Hello, @Brian Parker ! Moving your VM will address only a small subset of potential causes. Usually performance decreases are due to traffic increases or workload surges on the VM.
Why is my VM suddenly slow?
If your VM isn't performing as expected, the first troubleshooting step is to use Performance Diagnostics to determine what the cause is: https://learn.microsoft.com/en-us/troubleshoot/azure/virtual-machines/windows/performance-diagnostics
- In the Azure portal, select Virtual machines.
- From the list of VM names, select the VM that you want to run diagnostics on.
- In the Help section, select Performance Diagnostics.
- Select Enable Performance Diagnostics
- Select the options to install and run for the tool.

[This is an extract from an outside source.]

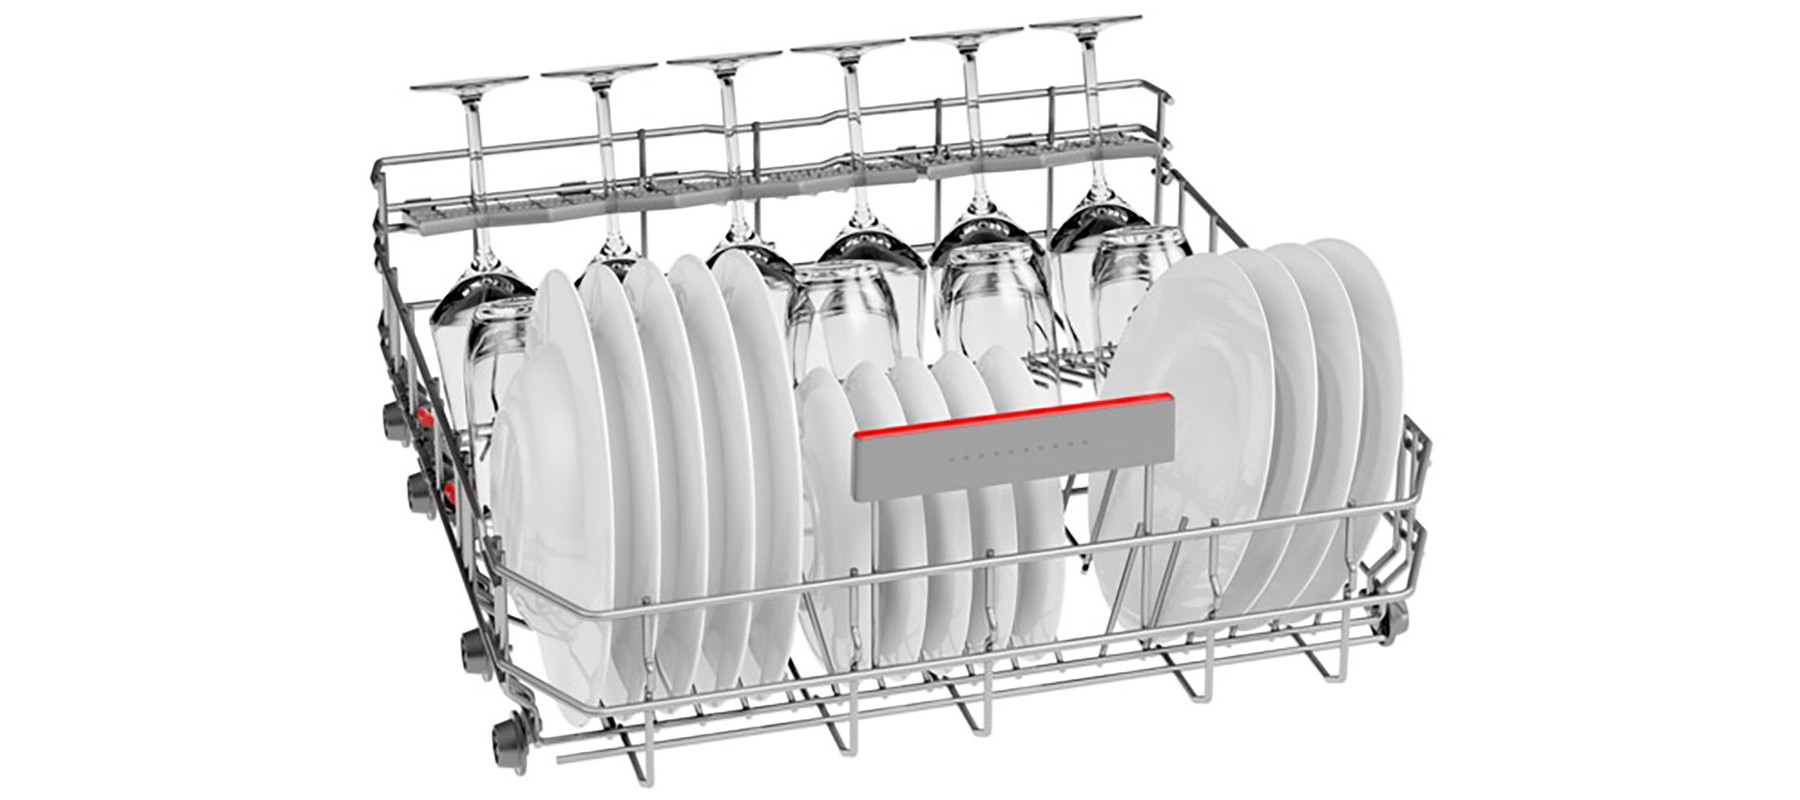 ماشین ظرفشویی بوش سری 6 مدل SMS67TW02B

- Agree to the legal terms and accept the privacy policy.
- Select Apply to apply the selected options and install the tool.
While looking at your diagnostics, keep these common VM performance issues in mind:
- Insufficient VM resources: You may need to increase your VM size (or number of VMs) if your VM is unable to handle workload peaks.
- Disk read/write performance: Confirm that the disk type and VM size you are using match your IOPS requirements and consider increasing your storage disk tier.
- Network and bandwidth: If you have high network throughput requirements, you can test throughput during peak use times. This is shared fairly among VMs using the same hardware and larger VMs are allocated relatively more bandwidth than smaller VMs.